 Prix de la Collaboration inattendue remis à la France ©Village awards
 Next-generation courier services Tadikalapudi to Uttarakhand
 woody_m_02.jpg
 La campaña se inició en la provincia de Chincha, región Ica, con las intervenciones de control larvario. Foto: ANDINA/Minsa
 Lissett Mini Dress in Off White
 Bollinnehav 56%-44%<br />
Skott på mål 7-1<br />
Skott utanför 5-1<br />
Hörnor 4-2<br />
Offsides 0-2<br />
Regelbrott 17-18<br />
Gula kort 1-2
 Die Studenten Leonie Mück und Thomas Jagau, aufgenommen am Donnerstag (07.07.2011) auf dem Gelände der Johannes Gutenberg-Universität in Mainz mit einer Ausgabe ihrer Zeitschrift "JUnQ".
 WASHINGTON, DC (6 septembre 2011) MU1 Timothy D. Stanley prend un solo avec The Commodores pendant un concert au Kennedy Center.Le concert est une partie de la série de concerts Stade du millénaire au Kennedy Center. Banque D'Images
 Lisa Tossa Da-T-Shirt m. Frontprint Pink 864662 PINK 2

------------------------

#### [ASSIGNED TASK]
Taking the line with "Bollinnehav 56%-44%<br />" as the first and the line with "Die Studenten Leonie" as the last, retype that stretch of the data above exactly, with no other lines.

#### [TASK SOLUTION]
 Bollinnehav 56%-44%<br />
Skott på mål 7-1<br />
Skott utanför 5-1<br />
Hörnor 4-2<br />
Offsides 0-2<br />
Regelbrott 17-18<br />
Gula kort 1-2
 Die Studenten Leonie Mück und Thomas Jagau, aufgenommen am Donnerstag (07.07.2011) auf dem Gelände der Johannes Gutenberg-Universität in Mainz mit einer Ausgabe ihrer Zeitschrift "JUnQ".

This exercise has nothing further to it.